━━━ SUPPLIED ENTRIES ━━━

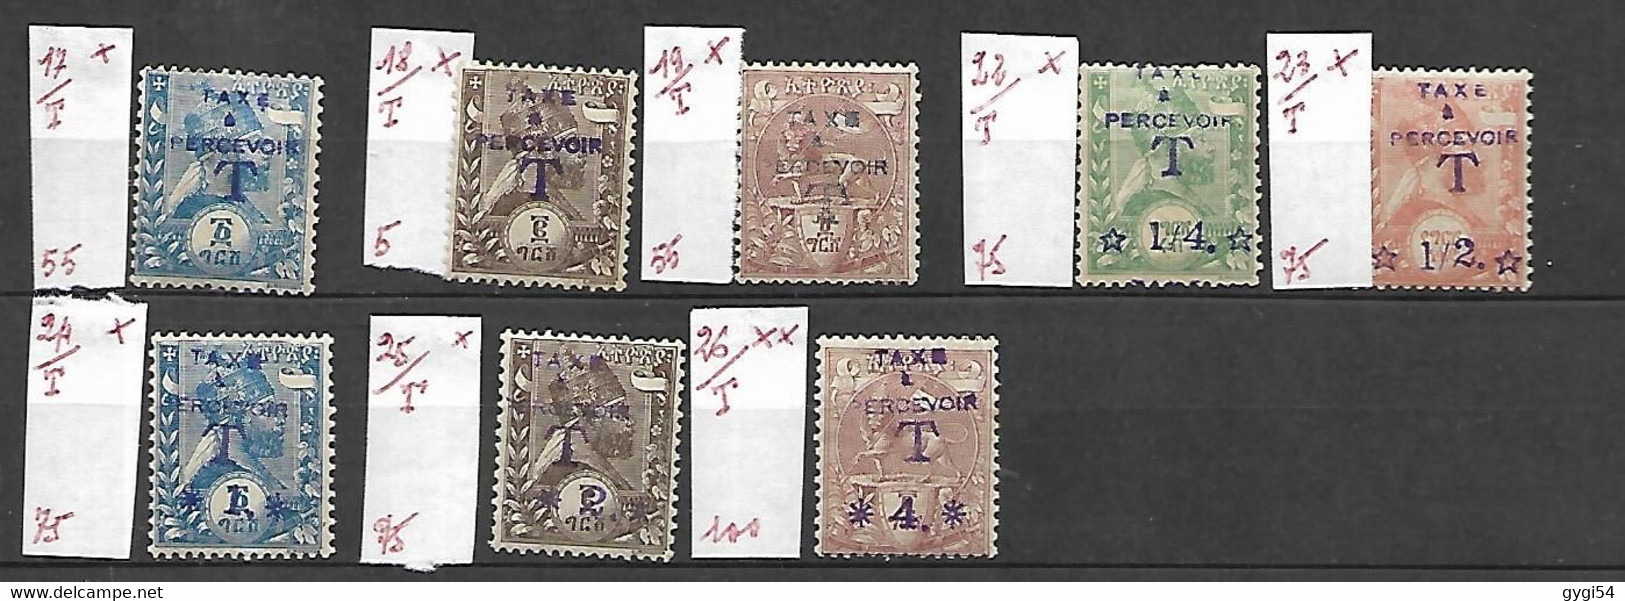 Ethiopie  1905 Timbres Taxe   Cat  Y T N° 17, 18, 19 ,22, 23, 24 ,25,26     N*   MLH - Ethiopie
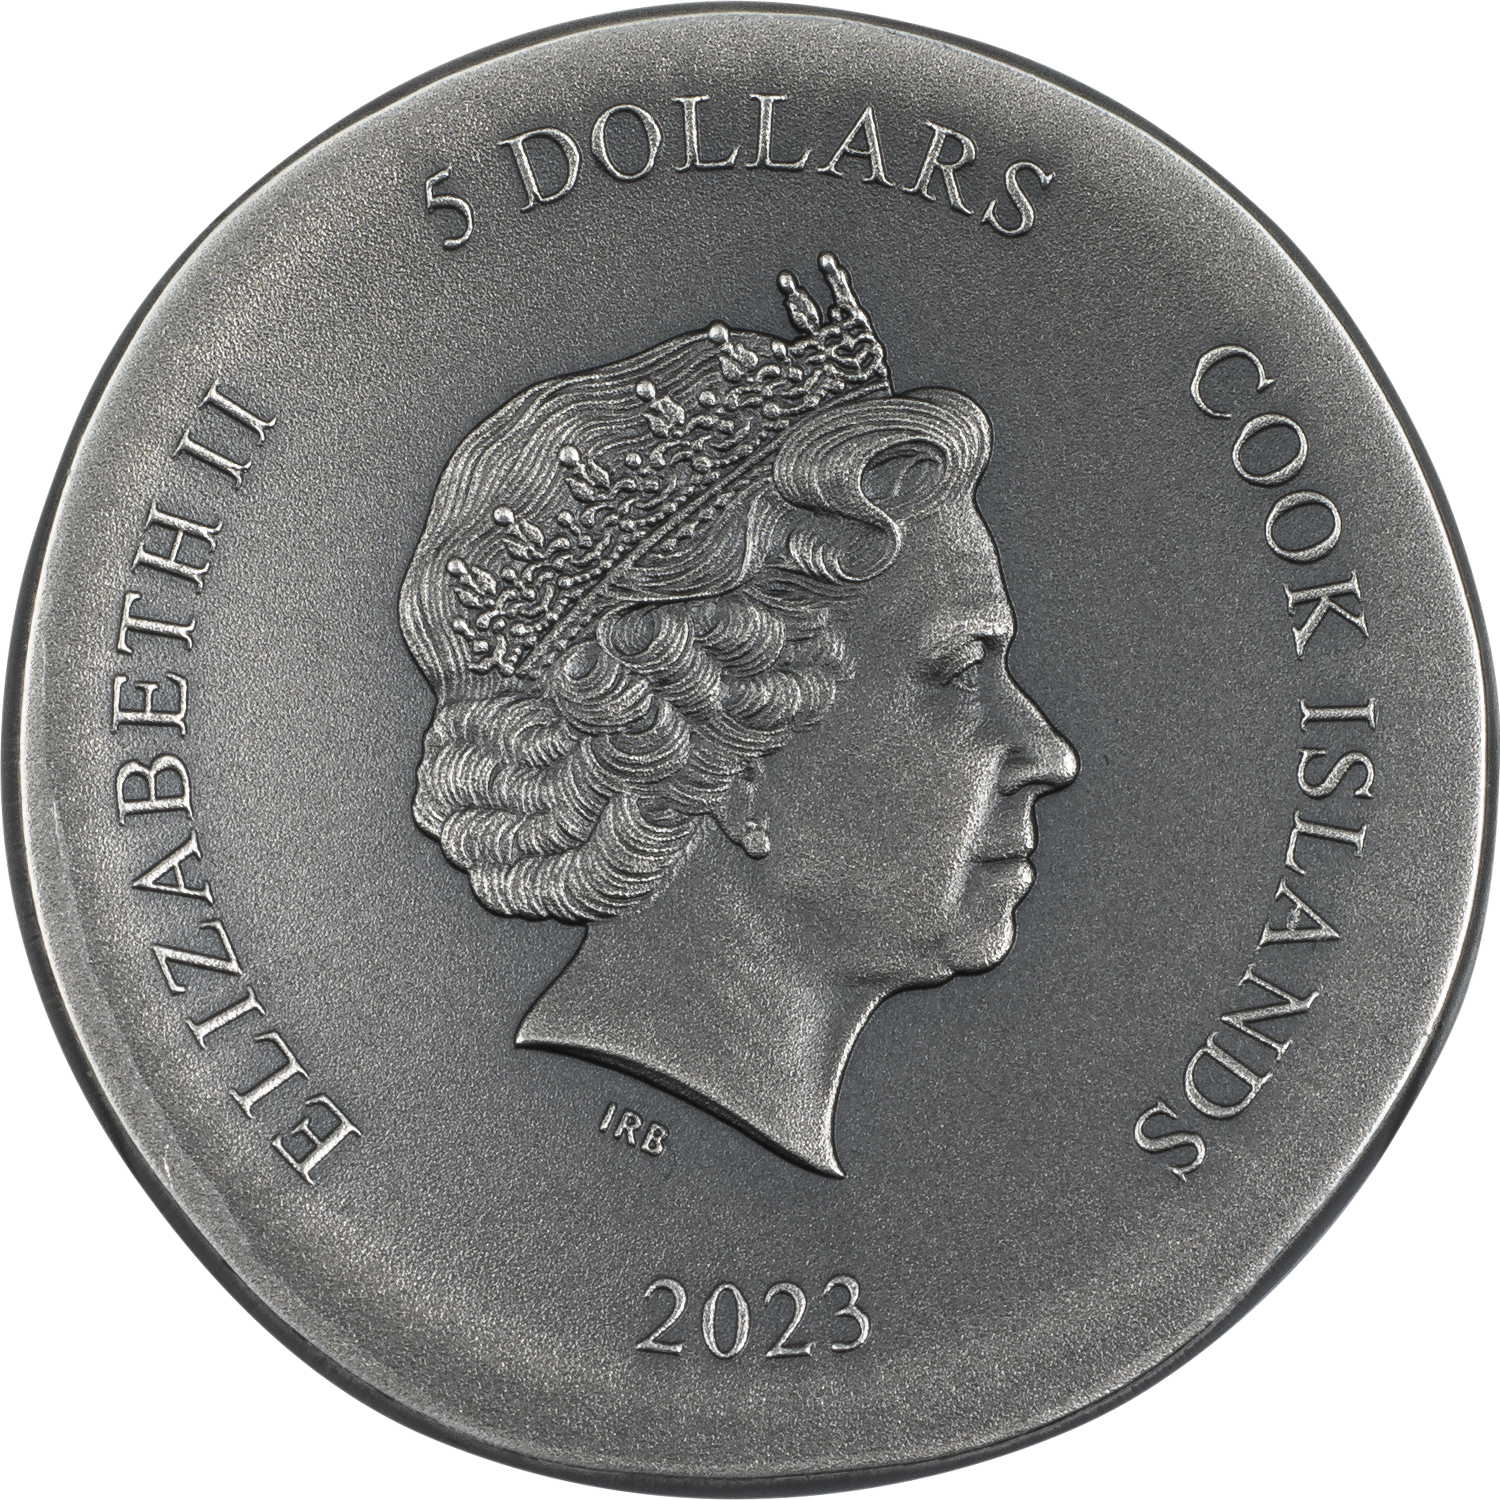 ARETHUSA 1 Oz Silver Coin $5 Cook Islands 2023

━━━
━━━ SUPPLIED ENTRIES ━━━

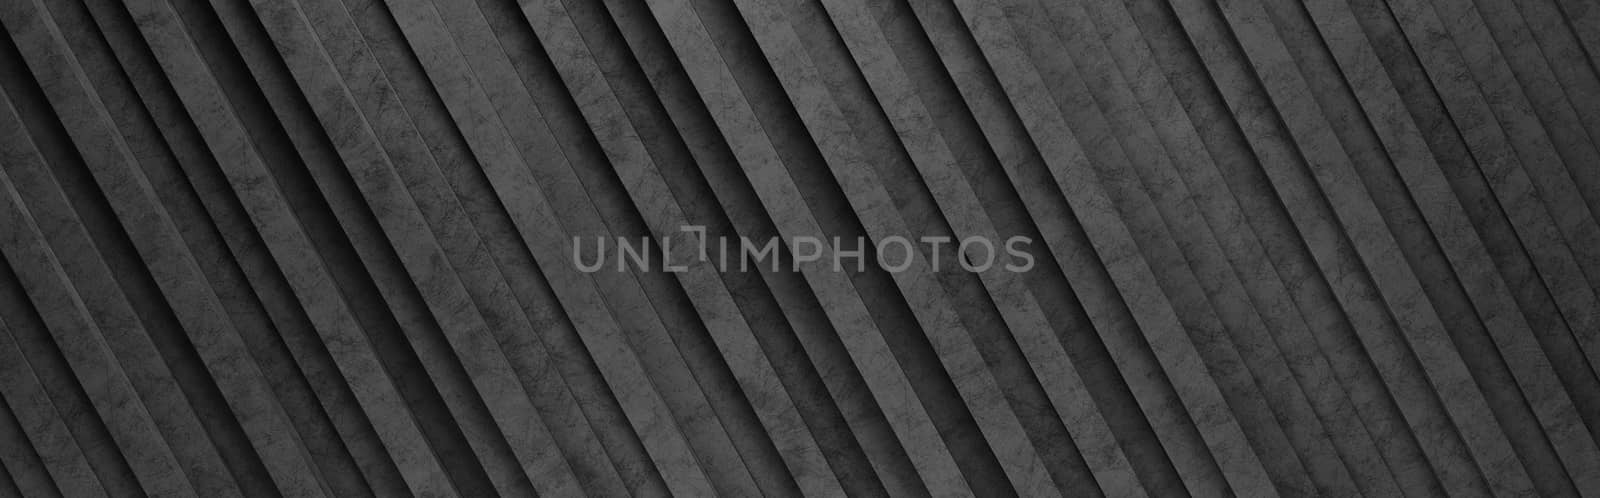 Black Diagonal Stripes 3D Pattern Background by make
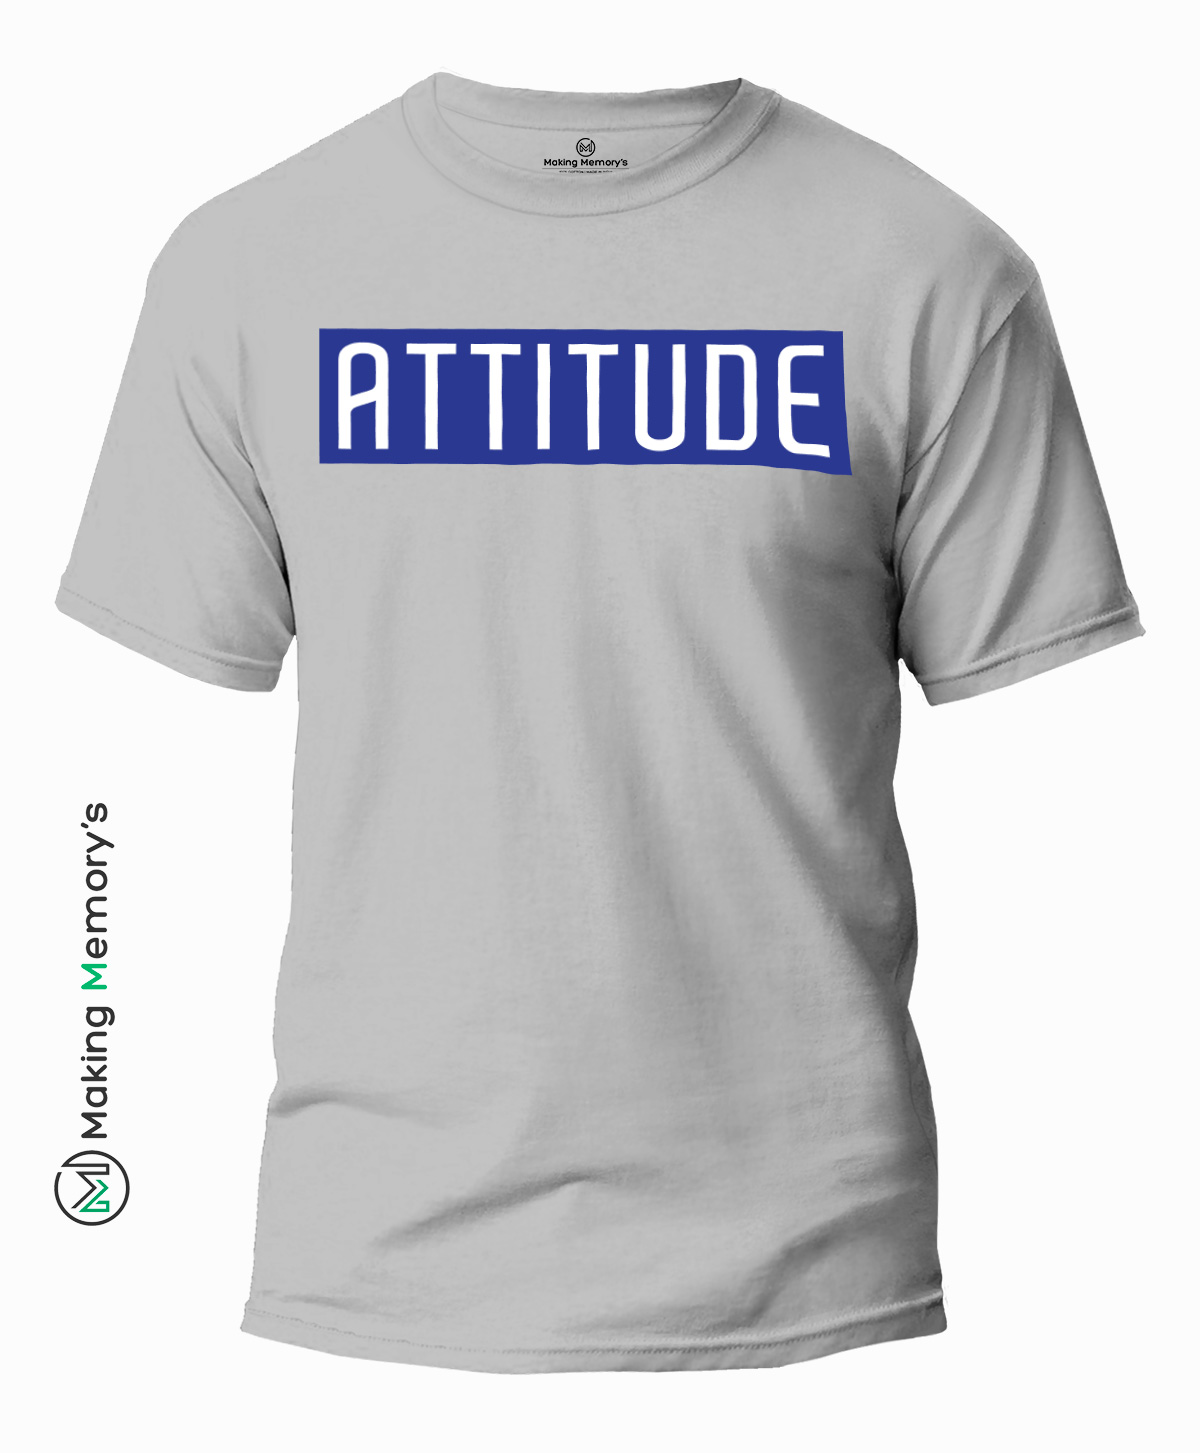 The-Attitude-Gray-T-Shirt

━━━
━━━ SUPPLIED ENTRIES ━━━

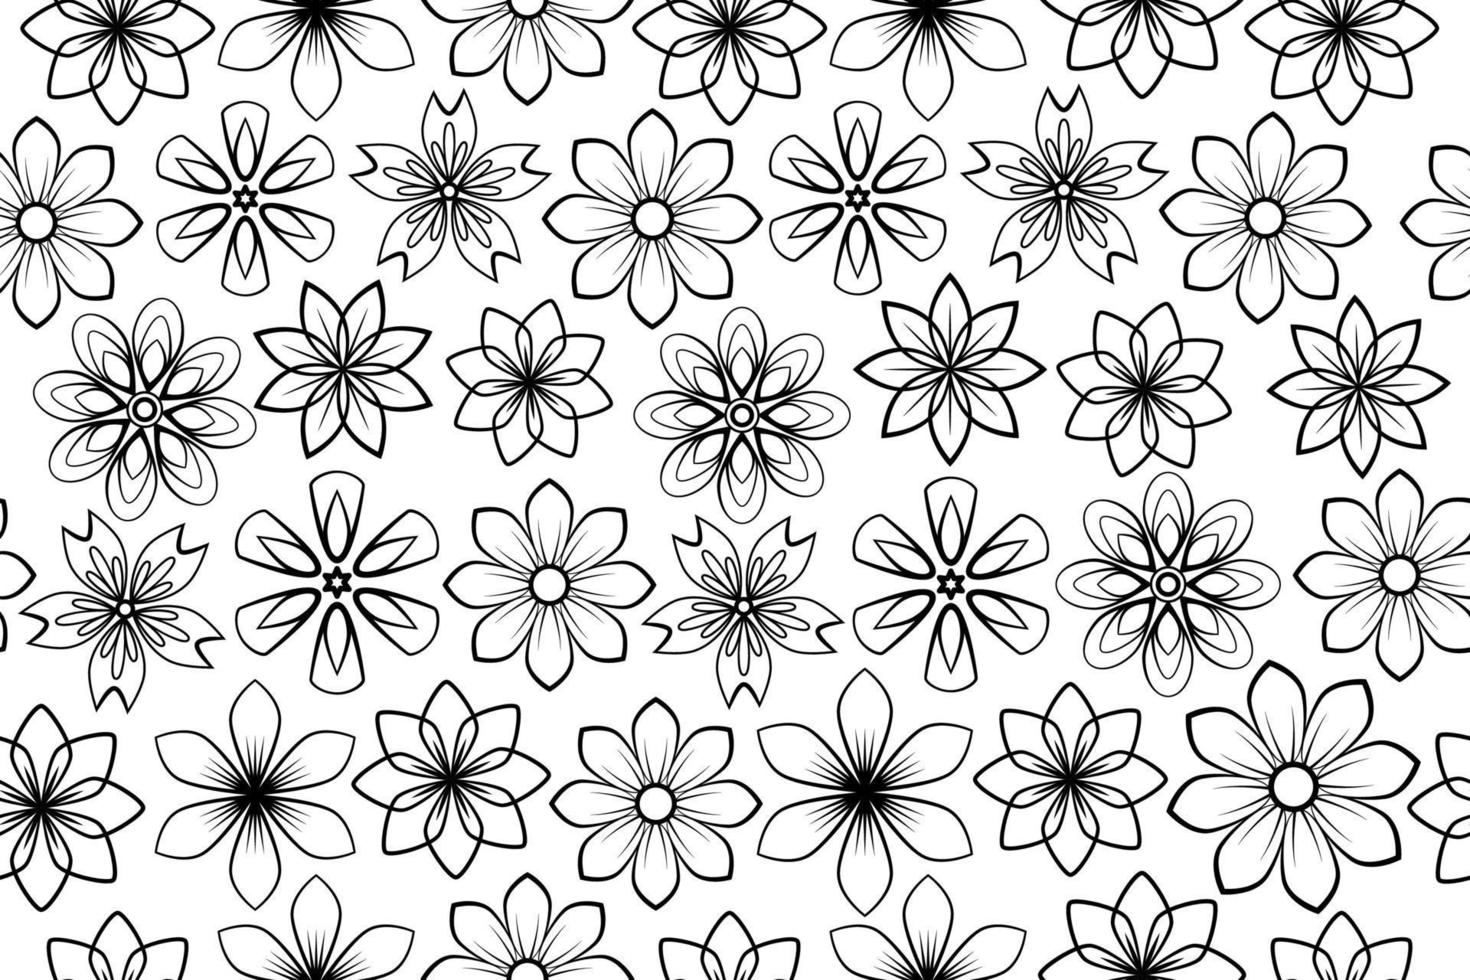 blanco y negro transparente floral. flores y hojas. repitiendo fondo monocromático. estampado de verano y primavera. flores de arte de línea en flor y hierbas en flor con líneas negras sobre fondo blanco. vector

━━━

_YOUR ASSIGNMENT_
Starting from the line with "MLH - Ethiopie" in the records above, repeat each line exactly until you have written the line with "ARETHUSA 1 Oz", then stop; drop the pictures.

_SOLVED EXERCISE_
 Ethiopie  1905 Timbres Taxe   Cat  Y T N° 17, 18, 19 ,22, 23, 24 ,25,26     N*   MLH - Ethiopie
 ARETHUSA 1 Oz Silver Coin $5 Cook Islands 2023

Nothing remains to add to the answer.